# Trapped



## squiggley (21 Dec 2009)

The sucker holding my dc had started to harden and lost its grip today. Ordered a new one from AE. Later this afternoon I noticed it had droped again and I noticed this.






Thought I was going to add a to dc to the AE order but






Just swimming free behind my thumb


----------



## amy4342 (21 Dec 2009)

I've lost 4 fish that way! A cardinal, then another Cardinal, and then, I found a gold tetra AND a Cardinal in there in the same time! All in the space of like, two weeks. None of mine survived  . I put a mesh on the bottom then, but now it dosen't work. But I'm afraid to take the mesh off. Unbelievable!


----------



## Themuleous (22 Dec 2009)

Daft thing!! It must have jumped into it pass the air bubble!!!

Sam


----------



## aaronnorth (22 Dec 2009)

amy4342 said:
			
		

> I've lost 4 fish that way! A cardinal, then another Cardinal, and then, I found a gold tetra AND a Cardinal in there in the same time! All in the space of like, two weeks. None of mine survived  . I put a mesh on the bottom then, but now it dosen't work. But I'm afraid to take the mesh off. Unbelievable!

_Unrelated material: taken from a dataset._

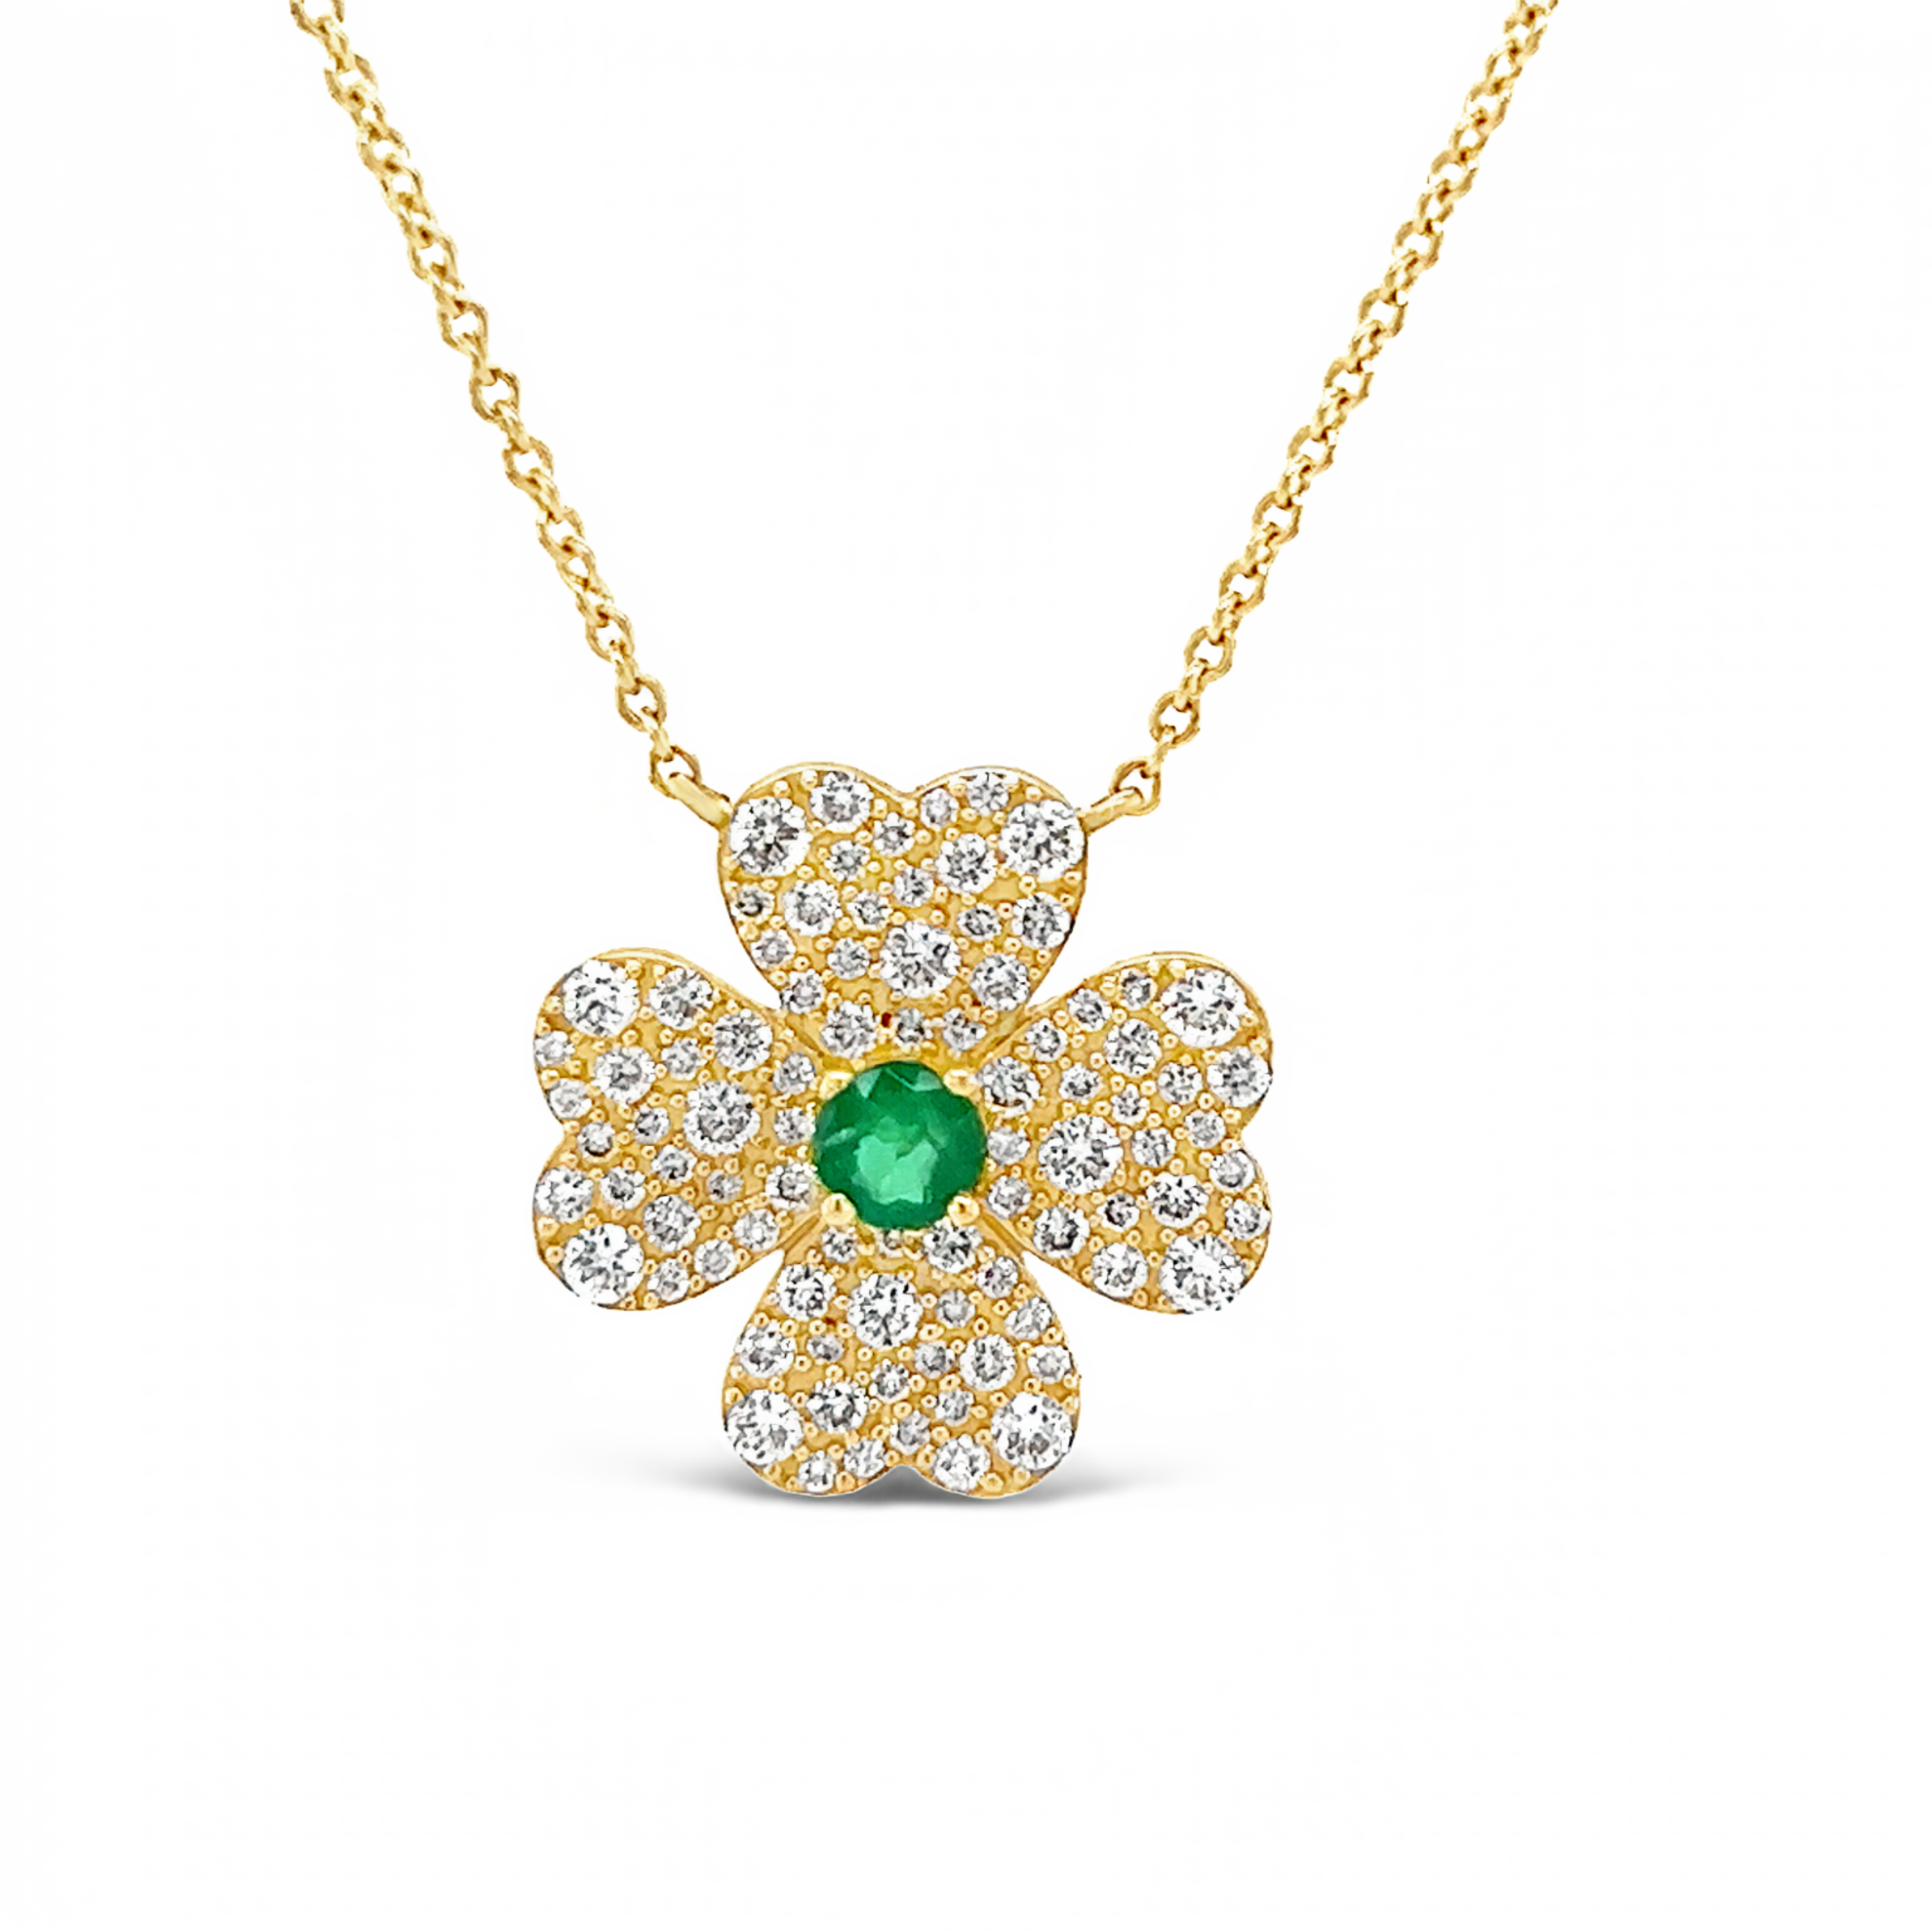 Featured image for “Dazzling Diamond Four Leaf Clover”

why doesnt it work? surely the mesh still allows gas exchange to take place?


----------



## squiggley (22 Dec 2009)

Themuleous said:
			
		

> Daft thing!! It must have jumped into it pass the air bubble!!!
> 
> Sam



It had fallen to the bottom of the tank and therefore filled with water so no air bubble to jump thru


----------



## Themuleous (23 Dec 2009)

Oh right I see.

Sam


----------



## Simon D (24 Dec 2009)

Amazing! Great pics, well done for the safe release and thanks for sharing this.


----------



## Will Ingram (7 Jan 2010)

Strange!
What is that fish that anyway?


----------